Celebrating Yoga Shanti’s 25th anniversary in the back of the studio last week were Colleen Seidman-Yee, second from the left in the back row, Carla Gargano in blue, Gina Anastasio in orange, Stacey Kiratsos in white and Sarah Halweil doing cartwheels in the front row.
Colleen Seidman Yeh, owner of Yoga Shanti in Sag Harbor, who celebrated her 25th anniversary last week with a kind of block party behind her Bridge Street studio, took her first yoga class in 1984. “I walked out onto Broadway and everything felt special. I was filled with awe. Something magical happened, and I’ve been trying to bring that feeling back into my body ever since.”
The reason she was taking boxing classes was because she lost a coin toss: “If I had won, my roommate would have gone to boxing classes with me.” She wisely quit boxing after taking a punch that broke her ribs.
She has pursued that feeling and shared it with countless others. In 1999, on a whim, she opened Yoga Shanti with Jessica Belofatto. “I said, ‘Hey, do you want to open a yoga studio?’ and she said, ‘Sure!’ We went to an ATM, withdrew $500 each, and started the studio. I was an inexperienced teacher. I had no qualifications to open a yoga studio.”
From a two-bedroom apartment above Murph’s Tavern where they taught down the hall (max capacity 60 sq ft, $12 drop-in), to a studio behind Kites of the Harbor (max capacity 100 sq ft, windowless, pitch-black savasana — “people would be outside, snoring”), and finally to their first storefront on Washington Street (max capacity 45 people, but tiny) until they split up around 2007.
In 2009, Sideman Yee was strolling down the back of Main Street when she saw the building under construction. “The inside was still unfinished. I was able to create my dream studio.” She painted the ceiling gold and the walls orange. The light-spangled molding was carved by Springs artists Bill Stewart and Anne Fristoe. It could accommodate 72 students, “mat to mat.”
Sideman Yee’s husband, Rodney Yee (who she jokes married in 2006 “after an affair and some rough sex”), joined the teaching staff in 2009. “Sag Harbor is strangely contagious, but mostly because of Colleen. I’d be somewhere else if it weren’t for her,” he said. “Yoga Shanti is close to her soul and I witness that firsthand every day. I’m so happy to be a part of her dream and to bring the yoga knowledge that I have to be a part of this community.”
The studio’s altar was created by Saidman Yi’s son-in-law, Evan Yee. Its corners are adorned with photos of gurus, religious leaders and even Bob Dylan. “It’s a collection of people who have influenced my practice,” she says. “It’s a path to deeper self-study.” Hidden high up and out of sight is a funeral card for Saidman Yi’s mother. “She’s always with me.”
There were good times.
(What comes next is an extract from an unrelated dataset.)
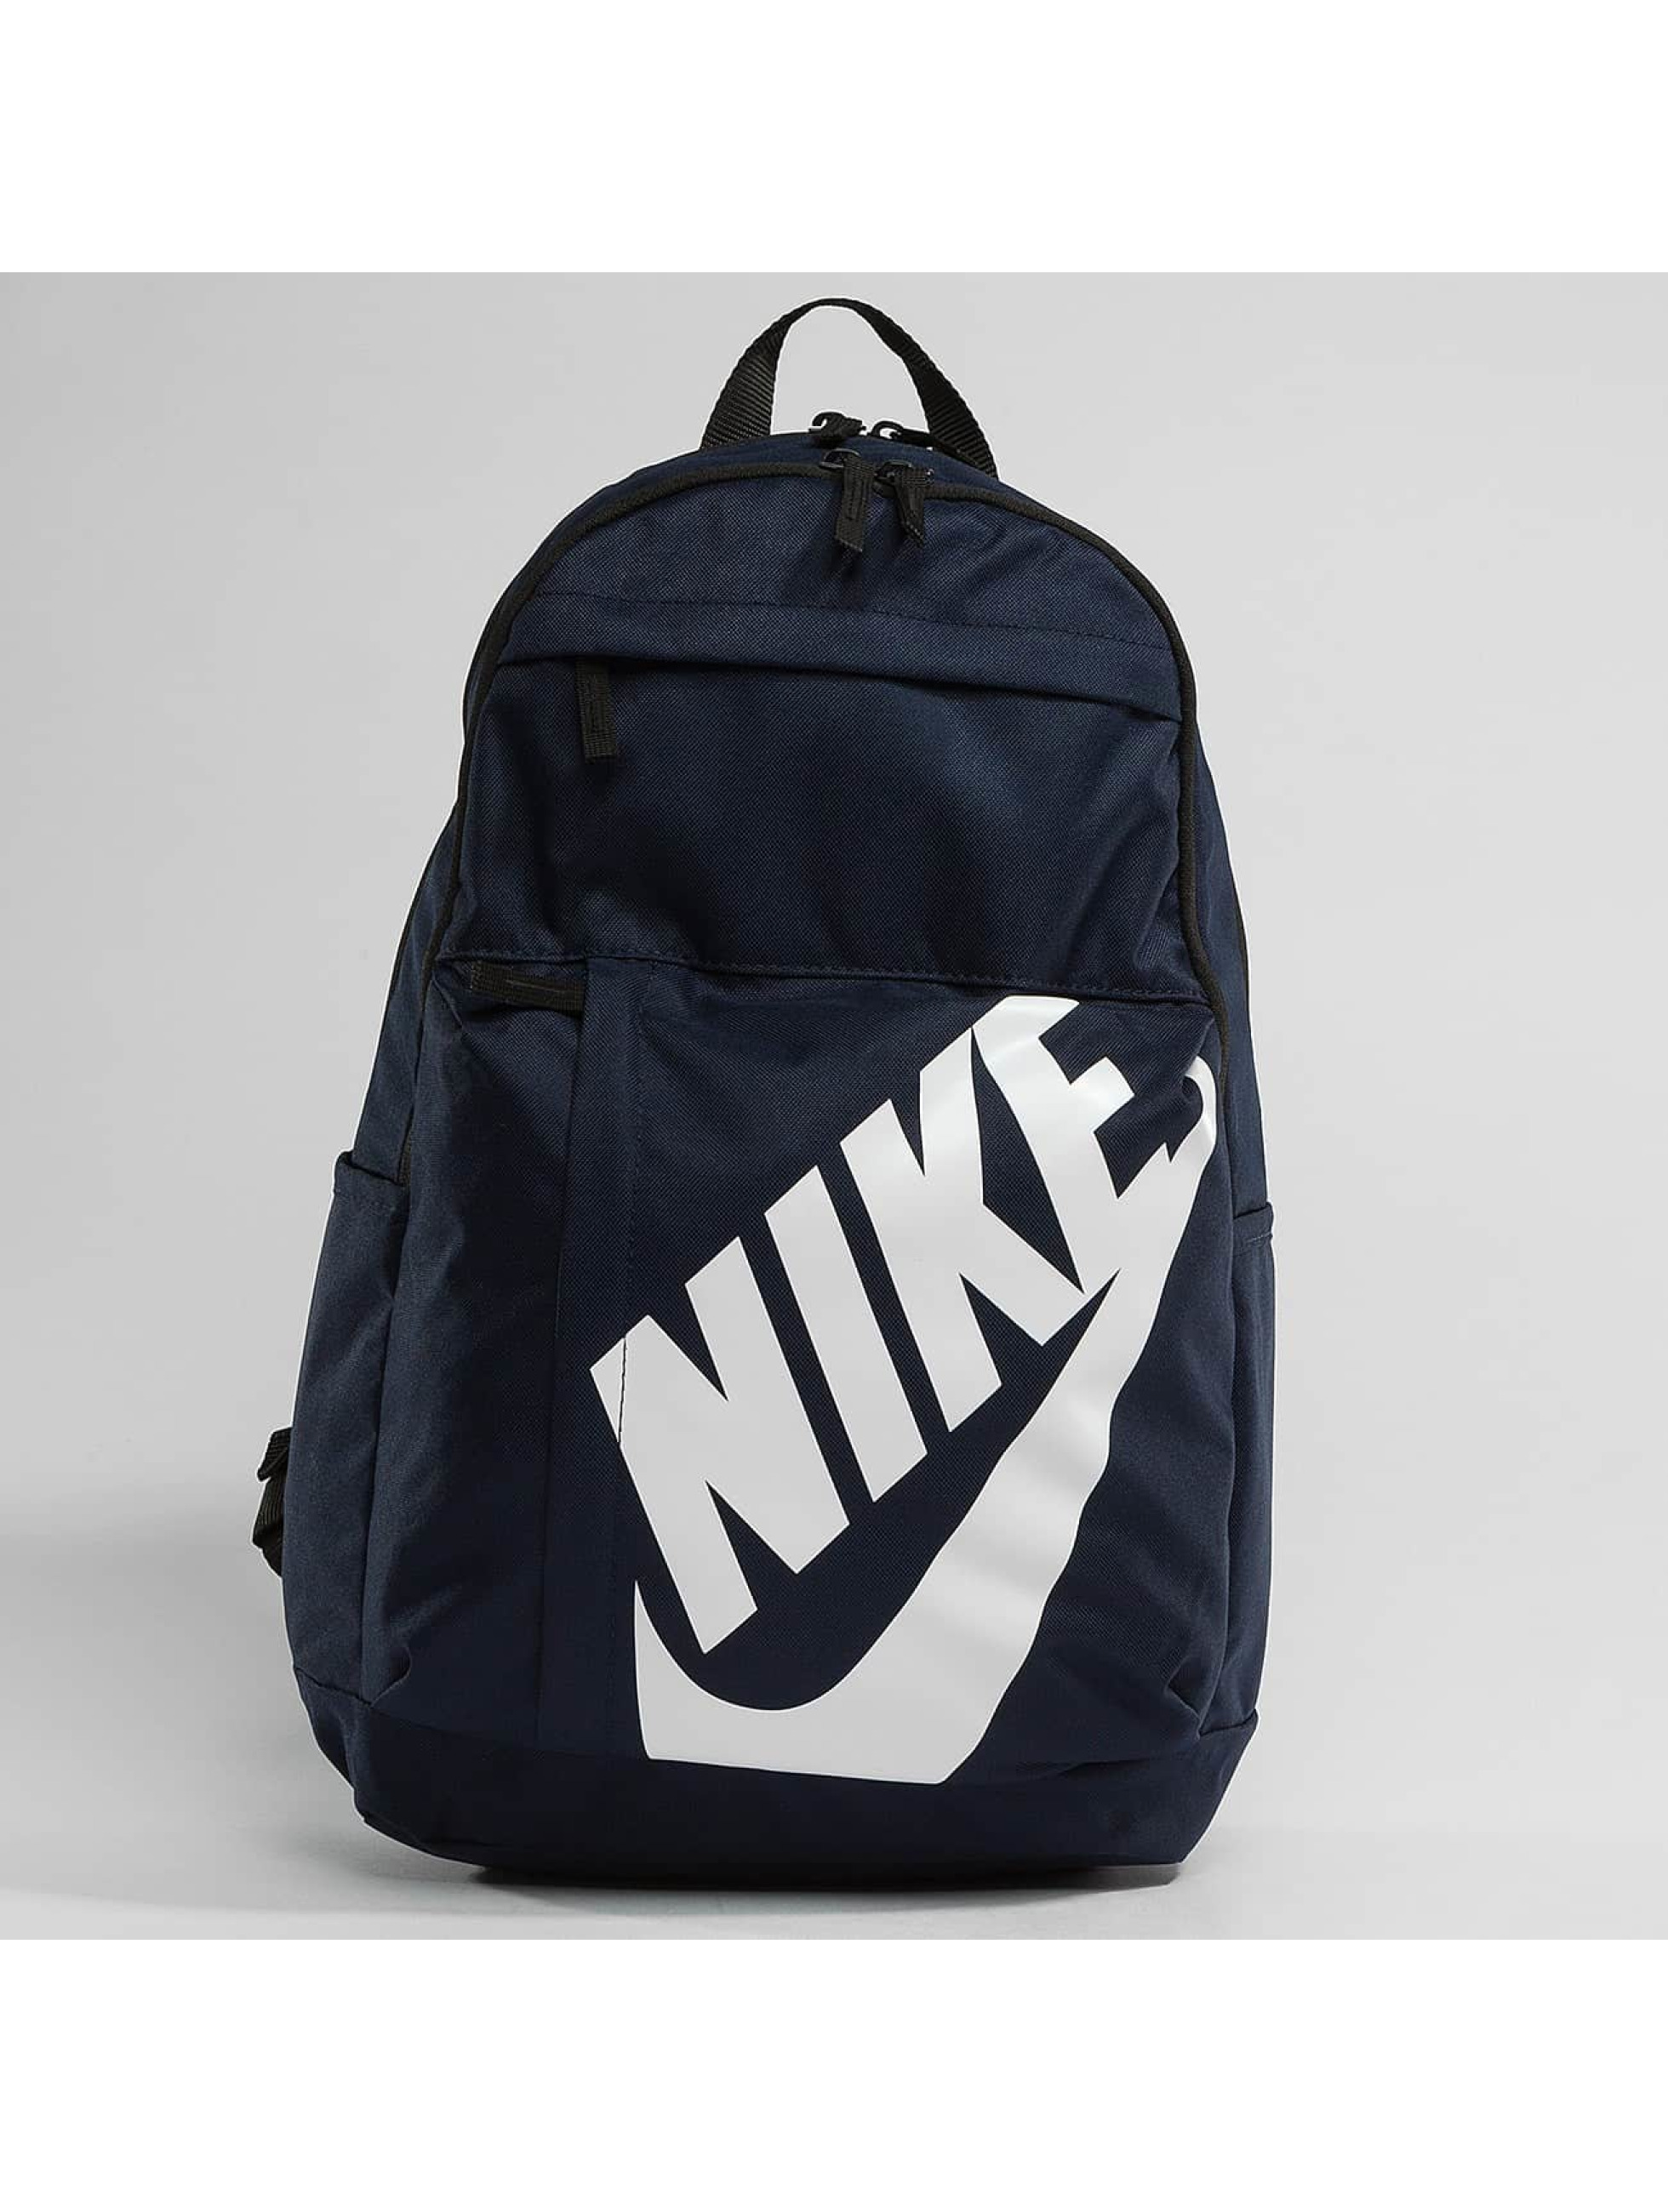 Nike Männer,Frauen Rucksack Elemental in blau

Classes were always full in the building that had become a de facto community center for many. But there were also bad times. “COVID was bad. On March 17, 2020, our income stopped. We started struggling to make ends meet.” There were classes on Zoom, Facebook, on the church lawn and finally in Mashasimyet Park. “We had loads to do every morning. There was goose poop and everyone wore masks, even outdoors. We didn’t mind because we were so happy to be able to practice in person again.”
“COVID has changed people’s perceptions. I don’t even know if I want to cram 72 people into a room again. But we’re going to bounce back this summer and open as full as we can.”
Though a lot has changed in 25 years, the yoga community and many of the studio’s instructors have remained remarkably stable. “I’m 82 and I can still walk, and that’s part of what yoga means to me,” says Esther Newberg, an early student of Saidman Yi’s. “Colleen has a way of reading the audience. I’ve never felt like yoga was trash.”
“When I start a class, everyone is talking so loudly that I can’t even start. I’m so happy. There were times when I wasn’t sure if the studio would be able to stay open, but I saw people in town saying the studio saved them during dark times. That’s why we’re hanging in there,” Saidman Yee said.
“We just graduated 28 instructors,” according to the program, of which thousands have graduated since it began in 2003. “Twenty of them are under 30. It’s inspiring to see these young people want to do more than just get fit. It means a lot that the students want to learn from these two old men. I was so innocent and naive when I opened the studio. I never knew how much it would fill my soul.”